**ACTION ITEM:**
Exactly as they appear, transcribe the entries and skip any pictures.

Stored items from a collection
********************
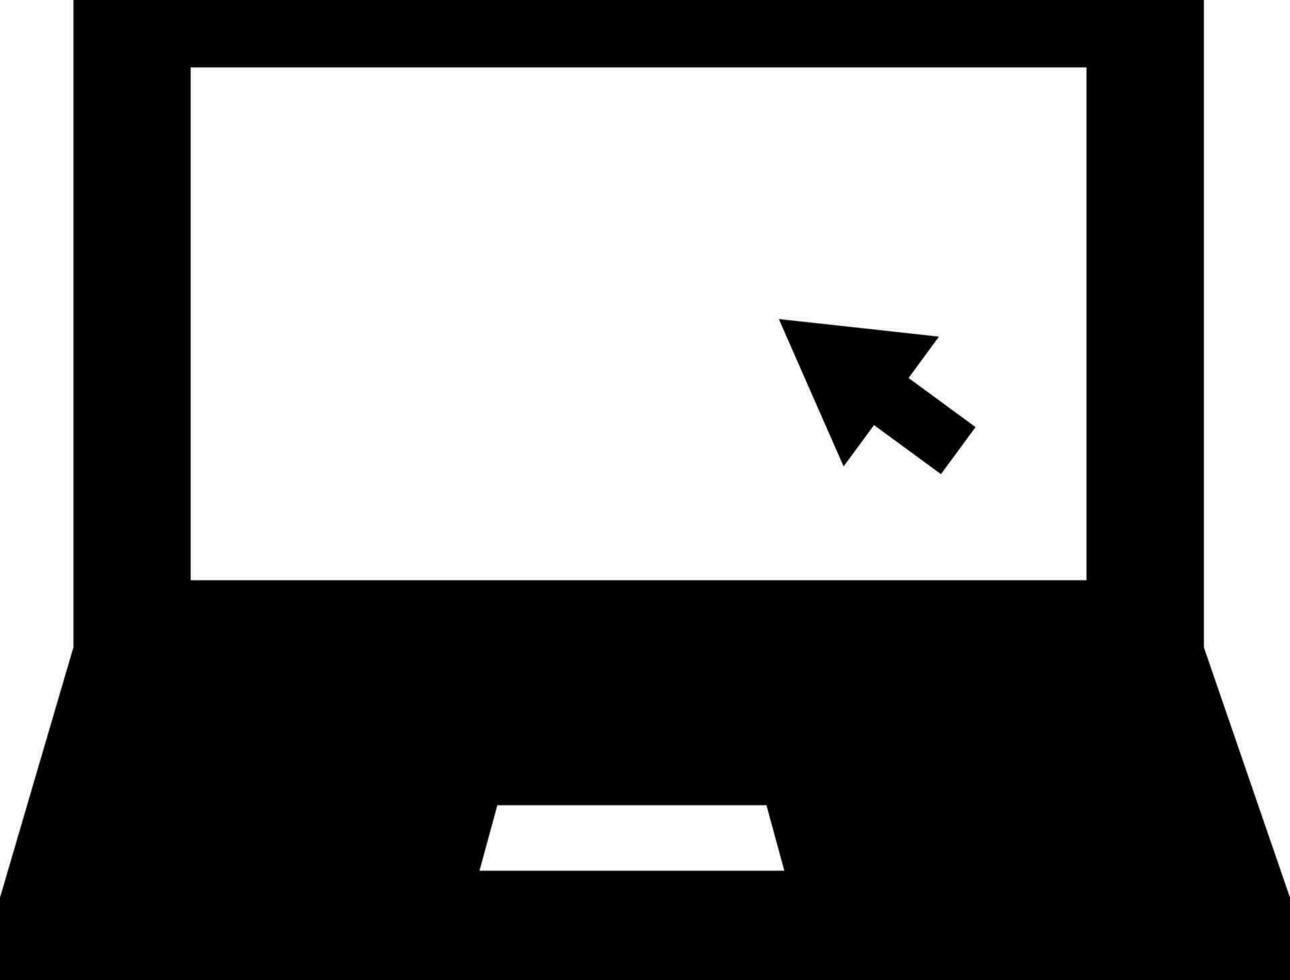 Cursor Arrow on Laptop Screen icon or symbol. vector
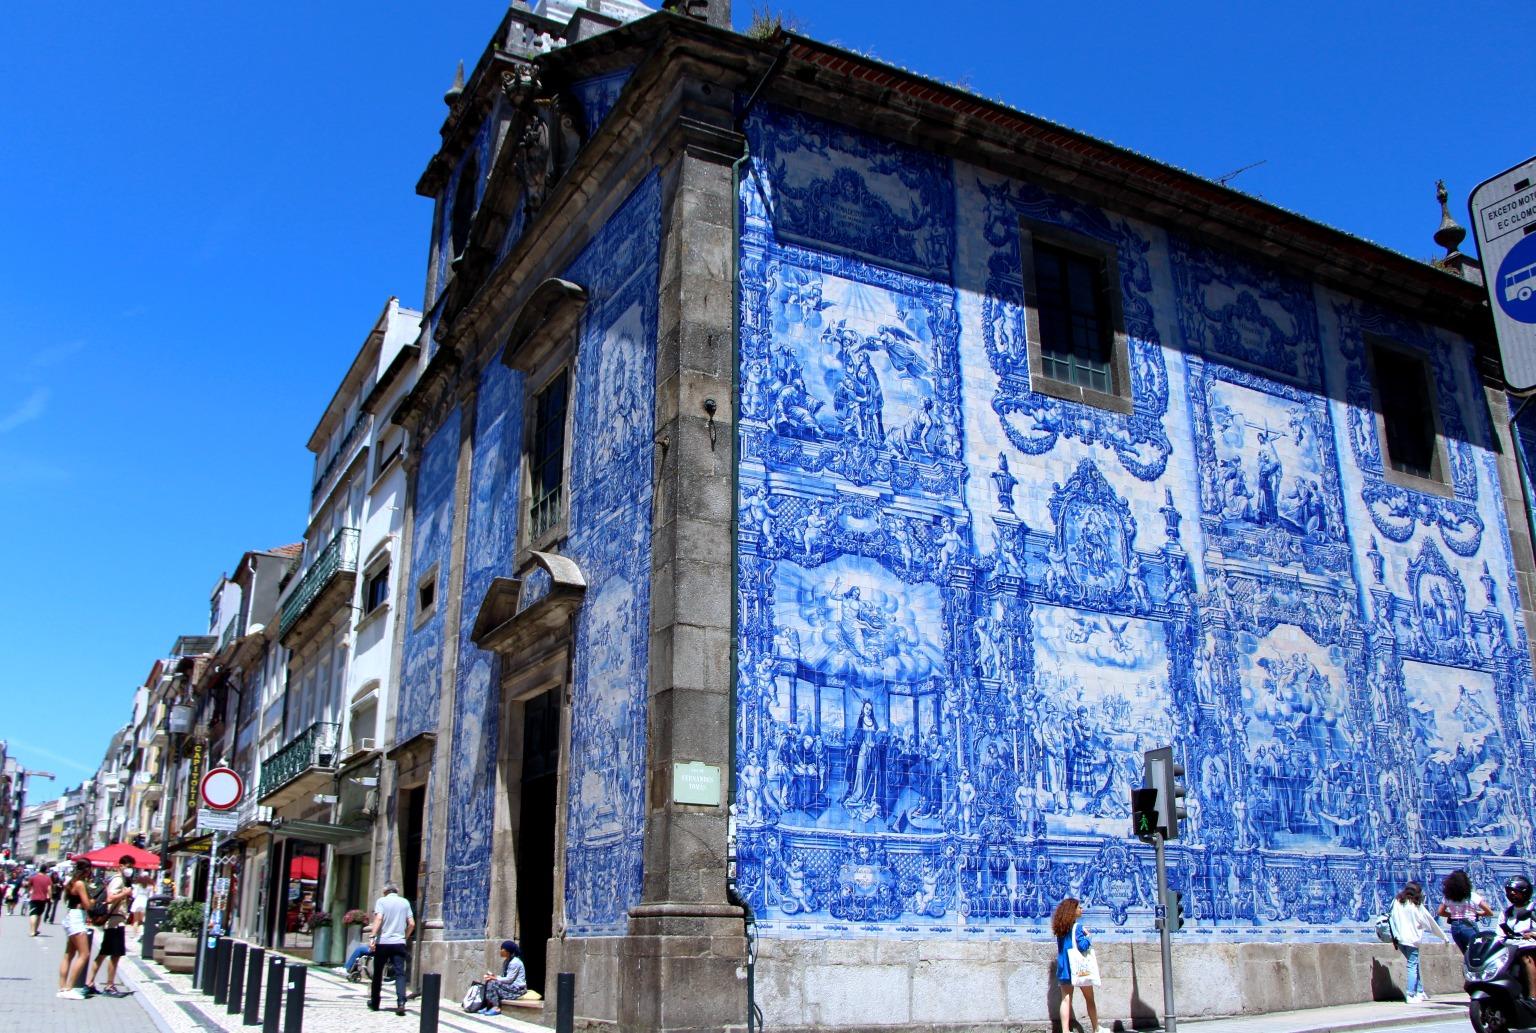 Capela das Almas, adorned with beautiful azulejos, showcasing Portuguese artistic mastery.
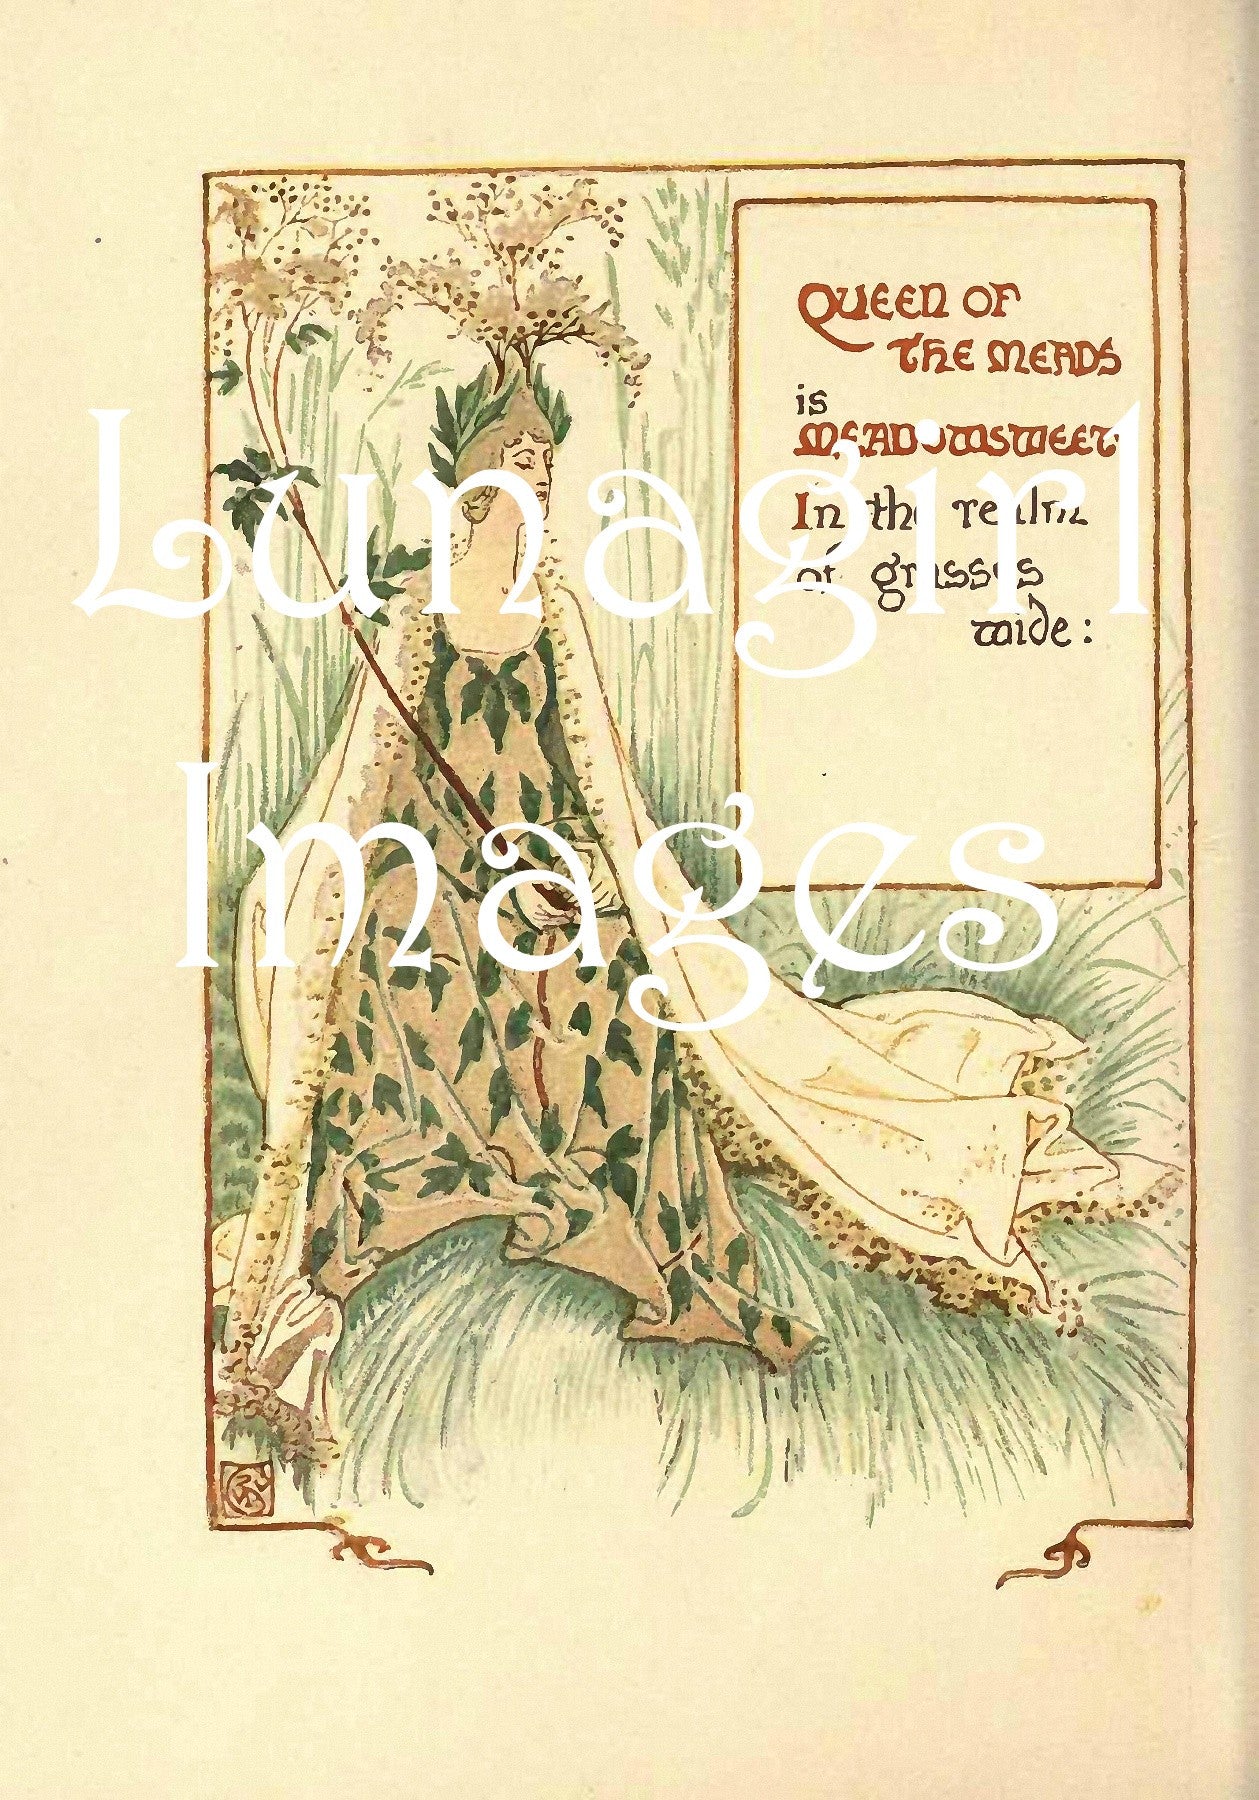 Walter Crane Illustrated Books: 100s of Images - Lunagirl
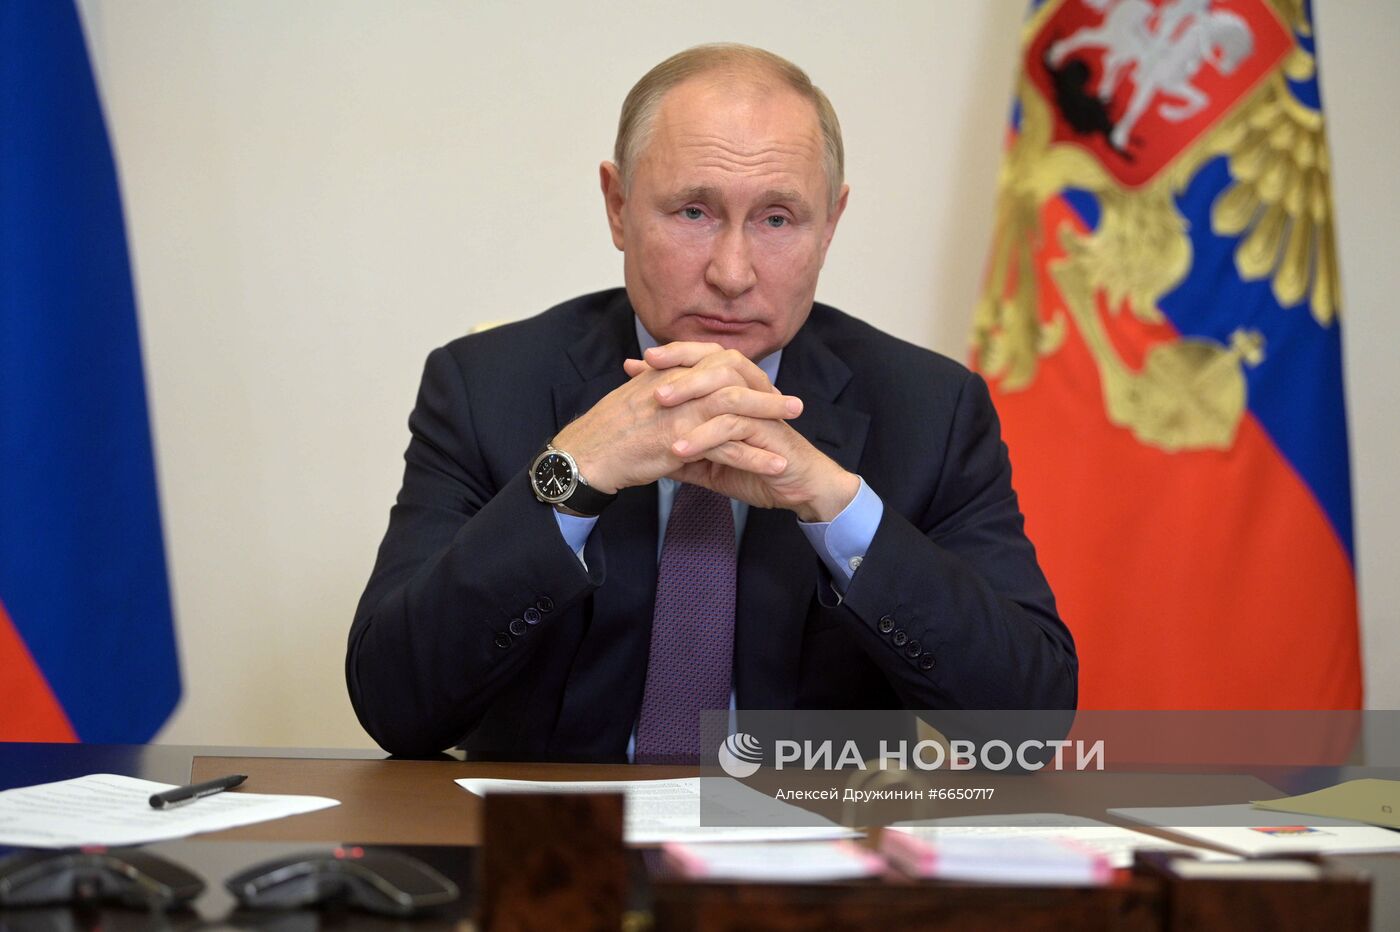 Президент РФ В. Путин провел совещание с членами правительства РФ и руководством партии "Единая Россия"
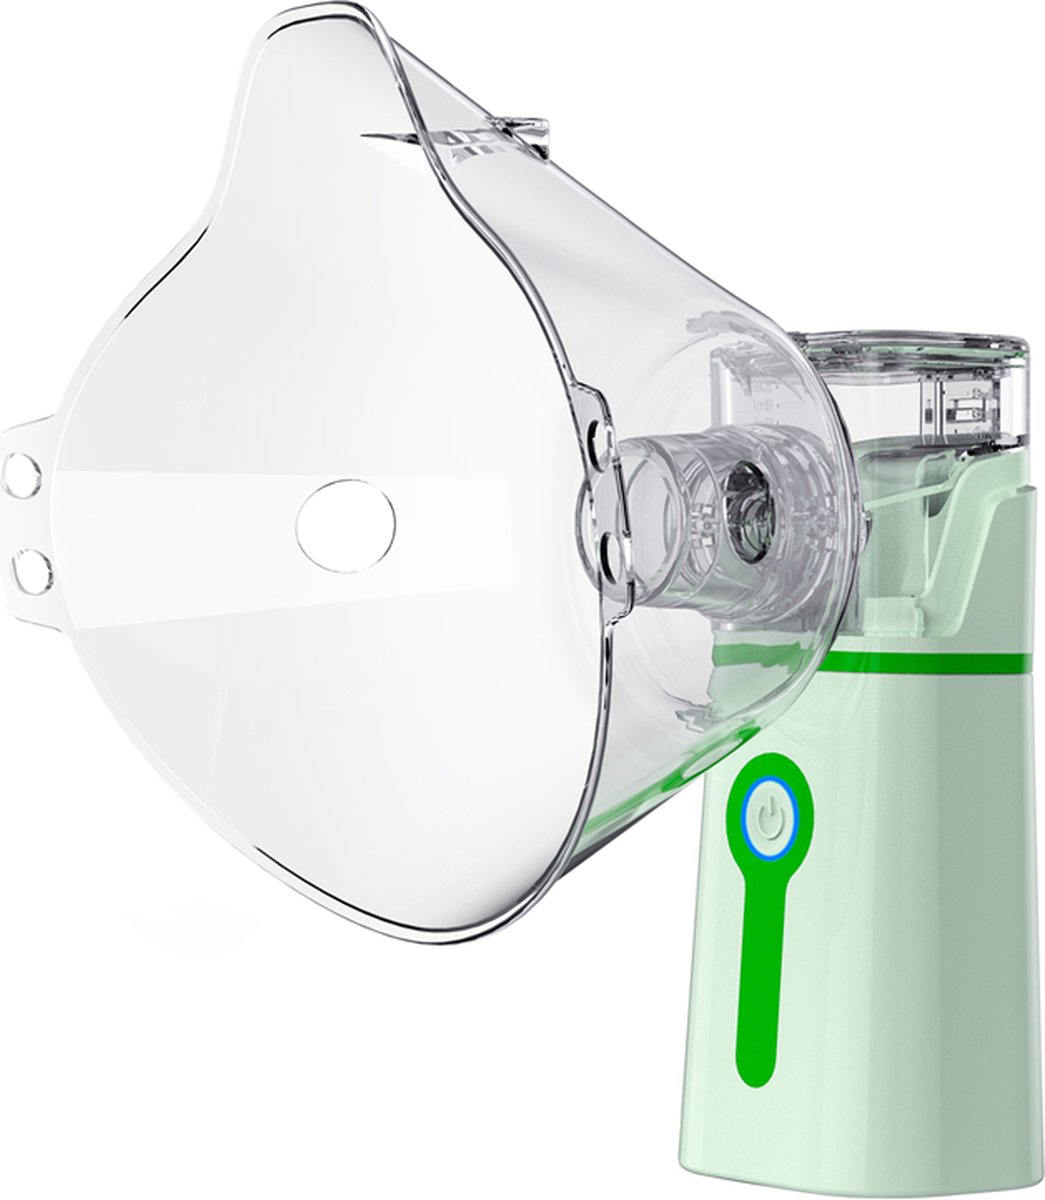 Creartix - Aerosoltoestel - Ultrasone Vernevelaar - Inhalatieapparaat voor kinderen en volwassenen - Inhalator - Aerosol Baby en volwassenen - Waterverstuiver - Inhaler - Helpt tegen Luchtwegaandoeningen - Incl. 2 mondstukken - Groen
********************
**ANSWER SECTION:**
 Cursor Arrow on Laptop Screen icon or symbol. vector
 Capela das Almas, adorned with beautiful azulejos, showcasing Portuguese artistic mastery.
 Walter Crane Illustrated Books: 100s of Images - Lunagirl
 Президент РФ В. Путин провел совещание с членами правительства РФ и руководством партии "Единая Россия"
 Creartix - Aerosoltoestel - Ultrasone Vernevelaar - Inhalatieapparaat voor kinderen en volwassenen - Inhalator - Aerosol Baby en volwassenen - Waterverstuiver - Inhaler - Helpt tegen Luchtwegaandoeningen - Incl. 2 mondstukken - Groen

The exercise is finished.